2014-07-29 Thread Jeff King
On Tue, Jul 29, 2014 at 09:57:45AM +0200, Matthieu Moy wrote:

 patrick.reyno...@github.com patrick.reyno...@github.com writes:
 ^
 
 It seems you mixed your name and email address in your config file. I
 guess your name is Patrick Reynolds, not
 patrick.reyno...@github.com.

Also, Patrick, please sign-off your patch (format-patch -s).

  Remotes are stored as an array, so looking one up or adding one without
  duplication is an O(n) operation.  Reading an entire config file full of
  remotes is O(n^2) in the number of remotes.  For a repository with tens of
  thousands of remotes, the running time can hit multiple minutes.
 
 Just being curious: in which senario do you have tens of thousands of
 remotes?
 
 (not an objection, it's a good thing anyway)

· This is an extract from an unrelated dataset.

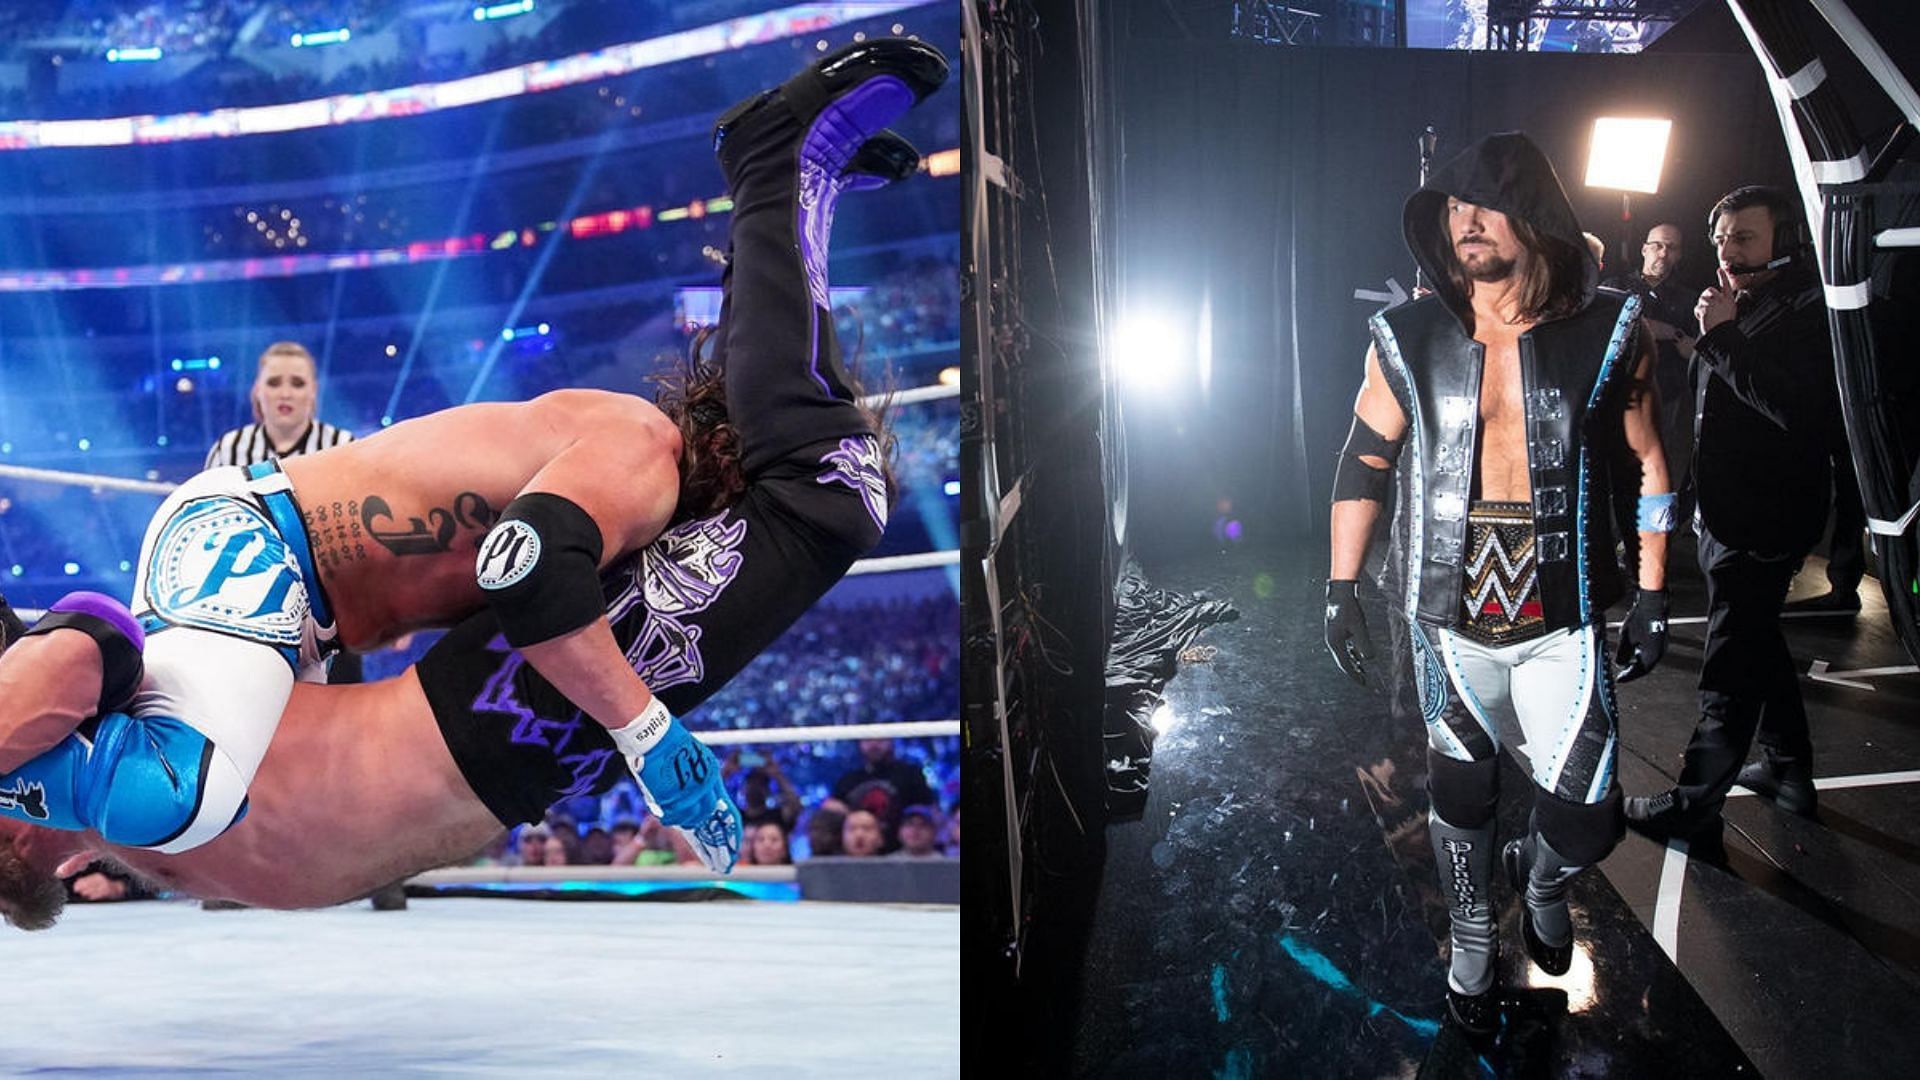 The Styles Clash is AJ Styles

Whenever you fork a repository at GitHub, we give you a leaf repository
that points its info/alternates to a master network.git repository for
the fork network.  The network.git repo contains all of the objects, and
has a remote configured for each of the child repositories. You would
never want to gc in that repository without doing a fetch --all first.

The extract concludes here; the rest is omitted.